### GIVEN INFORMATION ###
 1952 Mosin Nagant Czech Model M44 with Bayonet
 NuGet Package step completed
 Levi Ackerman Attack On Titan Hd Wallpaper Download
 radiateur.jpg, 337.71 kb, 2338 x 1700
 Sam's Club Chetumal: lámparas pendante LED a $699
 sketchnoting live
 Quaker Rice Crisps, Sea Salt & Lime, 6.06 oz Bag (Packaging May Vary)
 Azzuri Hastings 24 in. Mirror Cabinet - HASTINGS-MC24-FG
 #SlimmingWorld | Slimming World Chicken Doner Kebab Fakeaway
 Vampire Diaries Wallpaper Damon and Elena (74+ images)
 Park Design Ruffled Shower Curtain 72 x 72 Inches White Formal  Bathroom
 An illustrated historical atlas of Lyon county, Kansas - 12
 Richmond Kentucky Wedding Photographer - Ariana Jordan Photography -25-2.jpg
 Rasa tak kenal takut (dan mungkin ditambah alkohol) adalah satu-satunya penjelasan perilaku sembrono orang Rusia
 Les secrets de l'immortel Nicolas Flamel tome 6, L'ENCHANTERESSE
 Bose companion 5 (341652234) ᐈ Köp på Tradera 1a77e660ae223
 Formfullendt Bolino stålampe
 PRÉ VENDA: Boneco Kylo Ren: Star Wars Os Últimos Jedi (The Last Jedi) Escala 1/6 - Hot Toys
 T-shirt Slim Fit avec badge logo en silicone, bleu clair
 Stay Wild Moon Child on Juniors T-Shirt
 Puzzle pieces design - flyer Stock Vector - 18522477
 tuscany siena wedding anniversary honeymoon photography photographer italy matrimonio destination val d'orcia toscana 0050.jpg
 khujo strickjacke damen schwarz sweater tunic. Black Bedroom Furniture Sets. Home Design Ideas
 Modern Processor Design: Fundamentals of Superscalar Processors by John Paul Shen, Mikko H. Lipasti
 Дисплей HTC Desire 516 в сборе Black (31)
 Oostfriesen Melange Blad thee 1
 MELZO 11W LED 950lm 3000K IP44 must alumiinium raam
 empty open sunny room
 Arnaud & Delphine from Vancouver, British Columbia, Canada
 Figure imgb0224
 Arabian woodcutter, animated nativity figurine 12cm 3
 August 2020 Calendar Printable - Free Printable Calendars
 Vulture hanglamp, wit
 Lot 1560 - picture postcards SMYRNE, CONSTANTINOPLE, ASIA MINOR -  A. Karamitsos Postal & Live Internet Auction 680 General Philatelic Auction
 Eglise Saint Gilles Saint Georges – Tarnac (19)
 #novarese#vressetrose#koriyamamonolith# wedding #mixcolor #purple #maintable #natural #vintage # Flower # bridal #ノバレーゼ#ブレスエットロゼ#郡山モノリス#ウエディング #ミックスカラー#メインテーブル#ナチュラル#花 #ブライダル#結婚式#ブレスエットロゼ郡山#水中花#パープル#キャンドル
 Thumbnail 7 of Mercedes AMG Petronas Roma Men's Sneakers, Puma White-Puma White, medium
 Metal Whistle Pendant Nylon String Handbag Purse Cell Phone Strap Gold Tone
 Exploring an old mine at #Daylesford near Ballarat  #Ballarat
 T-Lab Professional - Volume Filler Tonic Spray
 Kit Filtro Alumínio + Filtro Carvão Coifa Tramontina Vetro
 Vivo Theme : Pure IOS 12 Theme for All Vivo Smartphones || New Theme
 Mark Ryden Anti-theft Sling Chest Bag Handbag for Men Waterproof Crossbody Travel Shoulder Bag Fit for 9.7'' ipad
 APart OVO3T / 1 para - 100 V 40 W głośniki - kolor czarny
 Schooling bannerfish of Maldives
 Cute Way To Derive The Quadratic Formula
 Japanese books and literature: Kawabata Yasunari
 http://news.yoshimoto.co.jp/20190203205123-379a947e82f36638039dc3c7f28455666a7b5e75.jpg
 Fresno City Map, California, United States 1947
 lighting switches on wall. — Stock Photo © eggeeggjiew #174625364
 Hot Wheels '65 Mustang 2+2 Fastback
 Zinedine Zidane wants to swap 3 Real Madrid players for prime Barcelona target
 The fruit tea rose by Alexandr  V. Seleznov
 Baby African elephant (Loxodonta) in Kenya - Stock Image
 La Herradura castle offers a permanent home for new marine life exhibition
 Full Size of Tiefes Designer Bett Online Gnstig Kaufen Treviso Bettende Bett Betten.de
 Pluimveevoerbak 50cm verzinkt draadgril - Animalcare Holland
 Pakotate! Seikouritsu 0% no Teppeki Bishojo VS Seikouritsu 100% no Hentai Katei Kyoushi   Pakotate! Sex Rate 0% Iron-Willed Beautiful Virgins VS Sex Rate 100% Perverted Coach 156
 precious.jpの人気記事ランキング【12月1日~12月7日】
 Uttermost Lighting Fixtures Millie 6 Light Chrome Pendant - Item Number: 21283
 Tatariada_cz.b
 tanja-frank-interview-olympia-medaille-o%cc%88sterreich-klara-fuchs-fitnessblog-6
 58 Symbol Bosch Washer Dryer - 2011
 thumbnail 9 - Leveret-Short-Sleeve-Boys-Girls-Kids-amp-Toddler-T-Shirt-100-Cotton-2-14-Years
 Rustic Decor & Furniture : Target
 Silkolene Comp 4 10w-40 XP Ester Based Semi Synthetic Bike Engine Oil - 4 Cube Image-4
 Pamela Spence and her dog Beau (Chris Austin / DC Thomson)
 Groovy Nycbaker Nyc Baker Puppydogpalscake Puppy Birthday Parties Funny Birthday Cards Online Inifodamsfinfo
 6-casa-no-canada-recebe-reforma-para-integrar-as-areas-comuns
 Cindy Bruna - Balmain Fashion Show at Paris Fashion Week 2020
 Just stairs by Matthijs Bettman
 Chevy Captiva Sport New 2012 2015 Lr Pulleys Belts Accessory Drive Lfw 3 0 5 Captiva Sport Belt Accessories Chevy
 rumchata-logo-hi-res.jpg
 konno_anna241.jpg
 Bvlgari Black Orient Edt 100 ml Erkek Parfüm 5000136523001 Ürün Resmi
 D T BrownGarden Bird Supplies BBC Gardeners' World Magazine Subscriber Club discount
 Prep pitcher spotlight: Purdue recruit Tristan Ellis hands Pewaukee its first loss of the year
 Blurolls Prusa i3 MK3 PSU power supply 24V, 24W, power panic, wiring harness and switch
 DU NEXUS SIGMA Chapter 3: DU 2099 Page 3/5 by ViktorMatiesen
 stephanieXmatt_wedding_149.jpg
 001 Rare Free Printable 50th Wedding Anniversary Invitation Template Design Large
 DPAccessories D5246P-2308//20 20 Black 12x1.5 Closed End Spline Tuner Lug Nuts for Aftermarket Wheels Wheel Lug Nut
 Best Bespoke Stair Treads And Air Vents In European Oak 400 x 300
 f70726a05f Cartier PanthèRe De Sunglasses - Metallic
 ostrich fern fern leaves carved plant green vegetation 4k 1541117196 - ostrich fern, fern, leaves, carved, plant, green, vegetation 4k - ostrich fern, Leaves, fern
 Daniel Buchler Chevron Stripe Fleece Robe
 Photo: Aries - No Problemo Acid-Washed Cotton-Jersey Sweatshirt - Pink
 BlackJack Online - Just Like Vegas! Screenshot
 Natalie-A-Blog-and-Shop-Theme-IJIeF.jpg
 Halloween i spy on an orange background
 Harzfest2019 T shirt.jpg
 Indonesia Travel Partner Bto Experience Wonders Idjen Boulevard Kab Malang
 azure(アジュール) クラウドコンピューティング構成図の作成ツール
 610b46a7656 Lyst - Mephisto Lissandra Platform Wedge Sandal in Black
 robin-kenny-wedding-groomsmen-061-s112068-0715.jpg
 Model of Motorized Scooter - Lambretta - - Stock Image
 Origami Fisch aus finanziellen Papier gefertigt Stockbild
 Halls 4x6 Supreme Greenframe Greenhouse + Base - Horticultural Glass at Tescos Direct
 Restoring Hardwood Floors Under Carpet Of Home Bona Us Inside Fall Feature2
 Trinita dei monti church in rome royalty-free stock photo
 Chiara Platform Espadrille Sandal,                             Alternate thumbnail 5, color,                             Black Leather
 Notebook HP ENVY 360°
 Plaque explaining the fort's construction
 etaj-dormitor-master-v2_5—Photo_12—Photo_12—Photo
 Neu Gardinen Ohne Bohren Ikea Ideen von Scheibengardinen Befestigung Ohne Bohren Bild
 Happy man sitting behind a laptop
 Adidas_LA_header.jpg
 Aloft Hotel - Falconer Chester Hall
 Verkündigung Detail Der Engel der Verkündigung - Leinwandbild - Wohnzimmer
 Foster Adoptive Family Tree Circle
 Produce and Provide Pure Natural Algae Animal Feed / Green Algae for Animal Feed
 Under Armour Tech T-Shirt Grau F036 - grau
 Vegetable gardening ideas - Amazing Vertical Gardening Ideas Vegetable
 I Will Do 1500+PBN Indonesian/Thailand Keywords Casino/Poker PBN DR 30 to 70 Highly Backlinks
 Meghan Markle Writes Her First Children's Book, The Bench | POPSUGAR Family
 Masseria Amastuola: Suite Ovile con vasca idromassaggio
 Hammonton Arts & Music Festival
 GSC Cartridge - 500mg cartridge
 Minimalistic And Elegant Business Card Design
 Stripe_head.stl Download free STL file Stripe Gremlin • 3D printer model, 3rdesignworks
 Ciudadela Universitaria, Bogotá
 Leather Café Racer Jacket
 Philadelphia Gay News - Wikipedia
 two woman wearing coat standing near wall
###
== PROMPT ==
Determine how many lines in the records above hold the word "Ideas", and answer with that number only.

== COMPLETED EXERCISE ==
2